Weaning at a later age reduces the risk of gastro-intestinal problems

Weaning strategies

Key takeaways from the research:

  • Diarrhoea and other digestive problems are the leading cause of neonatal calf death.

  • An increase GIT permeability increases the risk of digestive problems in dairy calves.

  • GIT permeability in calves decreased with age.

  • Weaning increases GIT permeability, thus making calves more susceptible to digestive problems.

  • Delaying weaning to a later age helps calves to deal with the challenges that come with weaning.


Weaning at a later age reduces the risk of increased permeability of the GI tract

Diarrhoea is the leading cause of calf death. In North America, it accounts for over 56% of calf deaths in the pre-weaning period[1]. The problem is multifactorial and can be caused by farm management issues, stress, other diseases, a change in body energy, or anything that can lower the calf's resistance to pathogens.

The gastrointestinal tract faces many challenges. It has to absorb nutrients from ingested food while preventing hazardous elements from entering the bloodstream. This takes place in the epithelium layer of the gastrointestinal barrier. Weaning results in an increase in gut permeability. The older the calf, the less permeable the digestive tract will be at the time of weaning. A lower permeability reduces the risk of diarrhoea.

Weaning results in gastro-intestinal stress

The pre-weaning period is critical for calves. It's the time when dairy calves are most susceptible to disease[2] but it is also the period that can set the tone for eventual higher milk yields[3]. Rearing programs promote dry matter intake as a way to stimulate ruminal epithelium development and to minimize the reduction in growth that can occur at weaning[4]. Weaning results in a shift in the site of nutrient digestion[5], and these changes can affect GI barrier function[6]. The permeability of the GIT plays a critical role in preventing disease and sustaining nutrient digestion and growth during weaning. Weaning does however negatively affect permeability and causes GIT stress. A joint study[5] by the University of Saskatchewan, the University of Alberta, and Trouw Nutrition R &D showed that the age at which calves are weaned does make a difference.


Study design

Two groups of 7 Holstein bull calves each were included in the study. One group was weaned via a step-down process beginning at d 35 and were fully weaned by d 42, while the other group was not weaned. GIT permeability, and other indicators of GIT function, were measured for both groups on d 14, d 28 and d 42. The calves were slaughtered on d 44 and their GITs were studied for a variety of factors including multiple measures of permeability.
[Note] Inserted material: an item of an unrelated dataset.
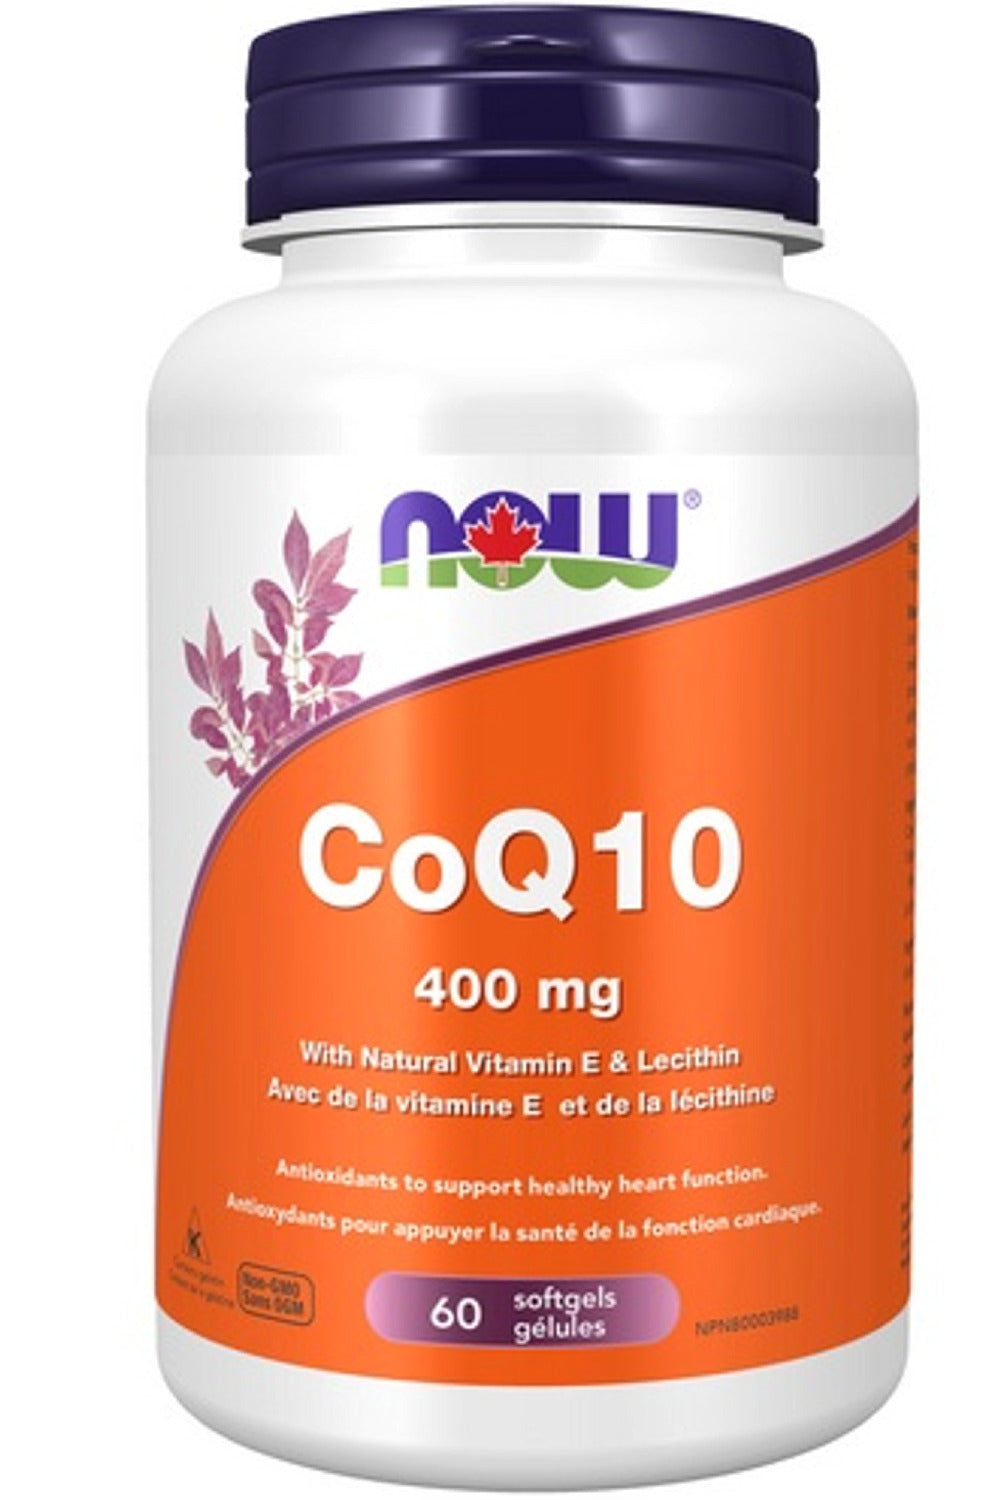 NOW CoQ10 (400 mg - 60 Softgels)

The researchers found that the biological changes in the digestive tract that come with weaning increase GI permeability. This increase was most pronounced in the rumen, the duodenum and the jejunum, thus increasing the susceptibility of calves to digestive tract problems. It seems that weaning at a later age could fortify the GIT, thus protecting it from the increase in permeability resulting from the weaning process itself. Protecting calves from GIT problems, including scours, could therefore be another reason for later weaning.



[1] NAHMS. 2007. Dairy 2007 Heifer calf health and management practices on US dairy operations. USDA Animal and Plant Inspection Service (APHIS), Fort Collins, CO. 
[2] NAHMS, 2007. 
[3] Soberon, F., Raffrenato, E., Everett, R.W., and Van Amburgh, M.E., 2012. Preweaning milk replacer intake and effects on long-term productivity of dairy calves. J. Dairy Sci. 95: 783-793. 
[4] NRC, 2001. Nutrient Requirements of Dairy Cattle. 7th rev. ed. National Academies Press, Washington, DC. 
[5] Wood, K.M., Palmer, S.I., Steele, M.A., Metcalf, J.A., and Penner,G.B., 2015. The influence of age and weaning on permeability of the gastrointestinal tract in Holstein bull calves. J. Dairy Sci. 98: 7226-7237. 
[6] Wijtten, P.J.A., van der Meulen, J., and Verstegen, M.W.A., 2011. Intestinal barrier function and absorption in pigs after weaning. Br. J. Nutr. 105: 967-981.